Start of Block

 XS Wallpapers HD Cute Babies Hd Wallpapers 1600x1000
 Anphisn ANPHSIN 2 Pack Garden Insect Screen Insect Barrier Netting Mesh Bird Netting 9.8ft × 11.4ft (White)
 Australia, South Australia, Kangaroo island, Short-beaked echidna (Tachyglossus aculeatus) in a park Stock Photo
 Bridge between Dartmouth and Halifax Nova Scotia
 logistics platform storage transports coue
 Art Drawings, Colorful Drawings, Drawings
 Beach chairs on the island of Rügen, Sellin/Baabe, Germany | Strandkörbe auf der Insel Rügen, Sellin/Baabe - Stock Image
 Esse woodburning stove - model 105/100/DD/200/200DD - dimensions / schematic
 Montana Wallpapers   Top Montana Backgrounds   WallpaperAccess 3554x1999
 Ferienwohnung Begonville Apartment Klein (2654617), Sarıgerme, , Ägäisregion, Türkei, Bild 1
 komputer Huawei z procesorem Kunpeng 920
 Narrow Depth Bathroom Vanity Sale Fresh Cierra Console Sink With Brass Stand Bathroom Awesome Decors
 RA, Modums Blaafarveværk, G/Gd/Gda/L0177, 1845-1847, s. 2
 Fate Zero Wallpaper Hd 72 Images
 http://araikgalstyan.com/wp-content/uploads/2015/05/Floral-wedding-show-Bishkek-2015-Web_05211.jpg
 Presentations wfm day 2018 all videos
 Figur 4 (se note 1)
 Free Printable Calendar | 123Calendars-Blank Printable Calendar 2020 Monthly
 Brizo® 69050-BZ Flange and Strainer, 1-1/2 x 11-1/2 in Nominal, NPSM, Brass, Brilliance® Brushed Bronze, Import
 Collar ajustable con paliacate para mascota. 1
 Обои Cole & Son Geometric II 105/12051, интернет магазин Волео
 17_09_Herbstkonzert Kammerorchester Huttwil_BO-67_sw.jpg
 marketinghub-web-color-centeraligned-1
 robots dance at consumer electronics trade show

End of Block

Output the entries above word for word.

 XS Wallpapers HD Cute Babies Hd Wallpapers 1600x1000
 Anphisn ANPHSIN 2 Pack Garden Insect Screen Insect Barrier Netting Mesh Bird Netting 9.8ft × 11.4ft (White)
 Australia, South Australia, Kangaroo island, Short-beaked echidna (Tachyglossus aculeatus) in a park Stock Photo
 Bridge between Dartmouth and Halifax Nova Scotia
 logistics platform storage transports coue
 Art Drawings, Colorful Drawings, Drawings
 Beach chairs on the island of Rügen, Sellin/Baabe, Germany | Strandkörbe auf der Insel Rügen, Sellin/Baabe - Stock Image
 Esse woodburning stove - model 105/100/DD/200/200DD - dimensions / schematic
 Montana Wallpapers   Top Montana Backgrounds   WallpaperAccess 3554x1999
 Ferienwohnung Begonville Apartment Klein (2654617), Sarıgerme, , Ägäisregion, Türkei, Bild 1
 komputer Huawei z procesorem Kunpeng 920
 Narrow Depth Bathroom Vanity Sale Fresh Cierra Console Sink With Brass Stand Bathroom Awesome Decors
 RA, Modums Blaafarveværk, G/Gd/Gda/L0177, 1845-1847, s. 2
 Fate Zero Wallpaper Hd 72 Images
 http://araikgalstyan.com/wp-content/uploads/2015/05/Floral-wedding-show-Bishkek-2015-Web_05211.jpg
 Presentations wfm day 2018 all videos
 Figur 4 (se note 1)
 Free Printable Calendar | 123Calendars-Blank Printable Calendar 2020 Monthly
 Brizo® 69050-BZ Flange and Strainer, 1-1/2 x 11-1/2 in Nominal, NPSM, Brass, Brilliance® Brushed Bronze, Import
 Collar ajustable con paliacate para mascota. 1
 Обои Cole & Son Geometric II 105/12051, интернет магазин Волео
 17_09_Herbstkonzert Kammerorchester Huttwil_BO-67_sw.jpg
 marketinghub-web-color-centeraligned-1
 robots dance at consumer electronics trade show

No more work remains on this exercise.